Can an online editor really amplify the voices of indigenous people while writing from a different country?

Eric French, co-editor of Revista Amauta, a Costa-Rican online alternative opinion magazine, spoke to me today about his life in Providence, Rhode Island, and how he tries to participate in Costa Rican politics by highlighting local Costa Rican voices online:

Eric: It's basically a leftist opinion magazine. I wouldn't call it news. It's mostly analysis. All of the editors have different views of what they want to do with the magazine, but at the beginning, my vision was to make a space for people's voices to be heard who couldn't be heard. In the magazine, we're trying to get as much participation from those sectors that don't participate as often.

This is hard to do because Amauta is an online publication in a country where most people get their news from the radio. Also, Eric is writing from Rhode Island, in the United States.

Eric: Of course, digital inequalities affect the outcome.
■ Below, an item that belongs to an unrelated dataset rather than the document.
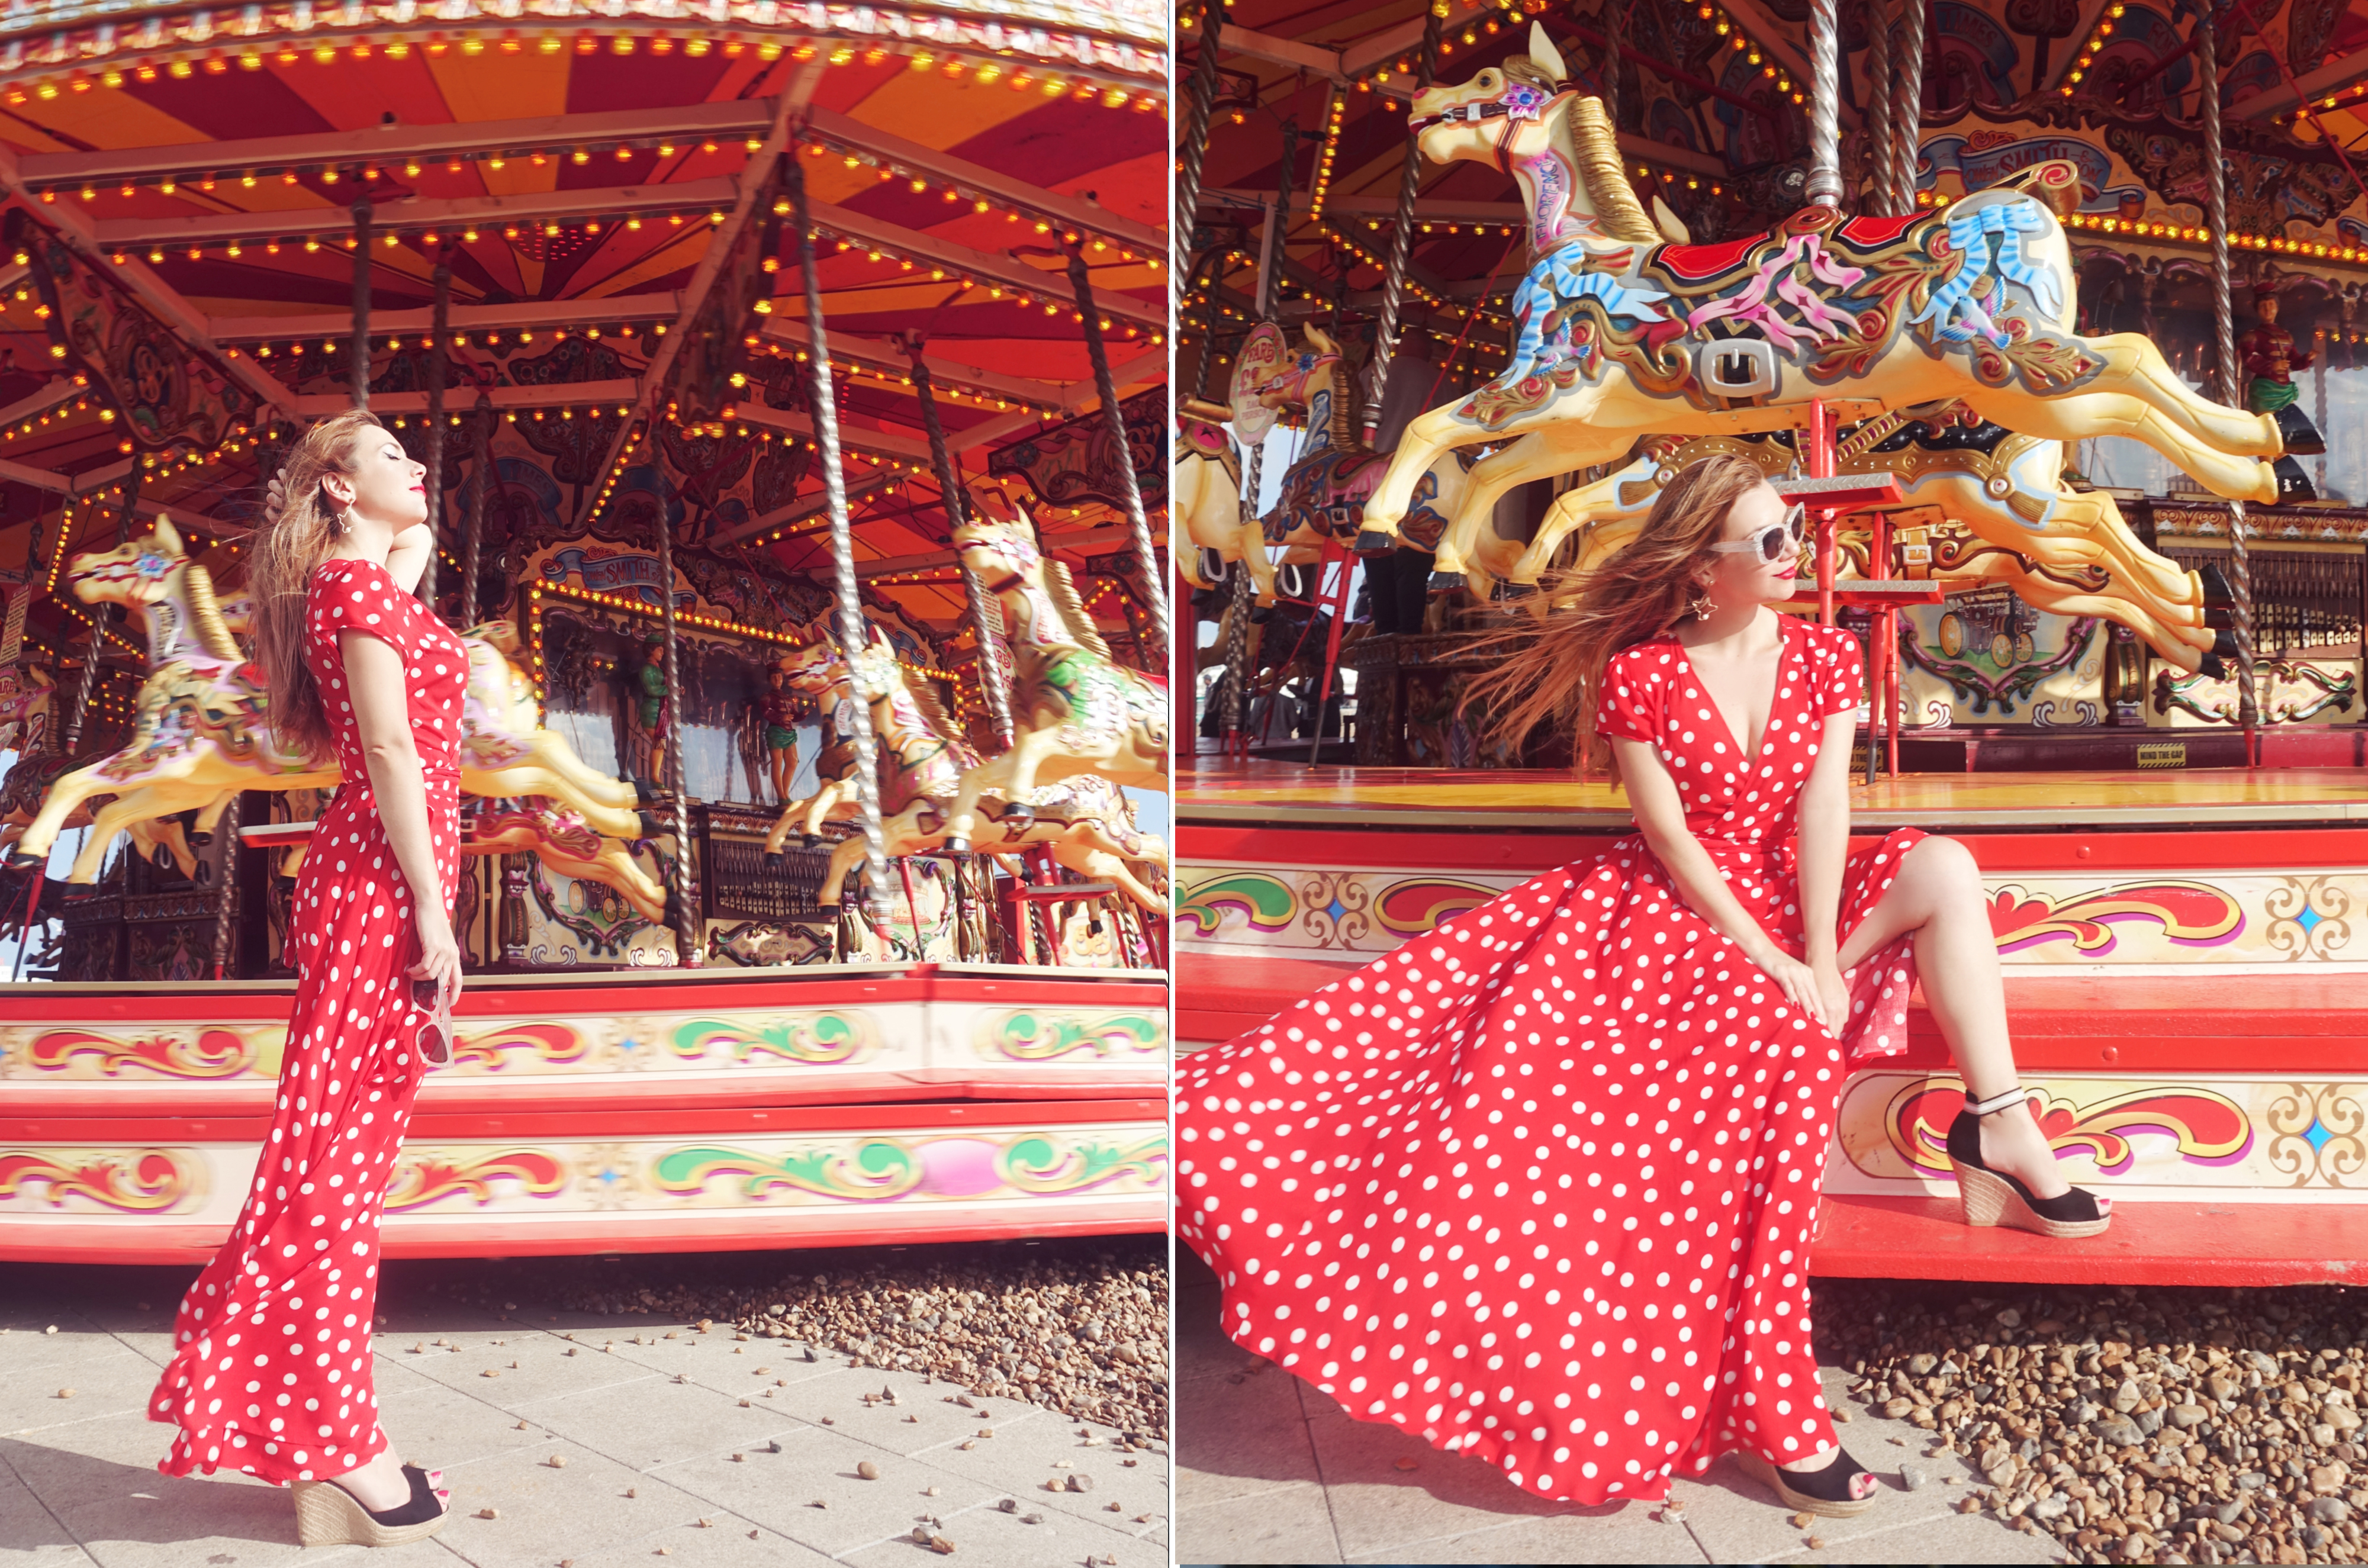 Carrousel-Brighton-blog-de-moda-Chicadicta-influencer-floryday-look-Piensa-en-Chic-polkadot-Chicadicta-Piensaenchic-fashion-travel

We can end up in a filter bubble of leftists reading leftists, and no one challenging themselves. So one of the editors is planning to engage edgier, non-leftist opinions so people can challenge themselves.

[At the moment,] we mostly reach the same people who read leftist articles and access the Internet. We started on the Internet because we don't get paid for what we do, and the Internet is a free platform. Radio would be a great opportunity to expand. We have tried to incorporate audio conversations online. All of our editorials are recorded in audio. We record a weekly conversation about news. That's still online, but one day perhaps we can set up a small AM station.

Costa Ricans comprise Amauta's largest national audience, although the online magazine has more international readers than Costa Ricans. When Eric published an interview with Noam Chomsky in April 2011, readers translated it into several languages and reposted it elsewhere.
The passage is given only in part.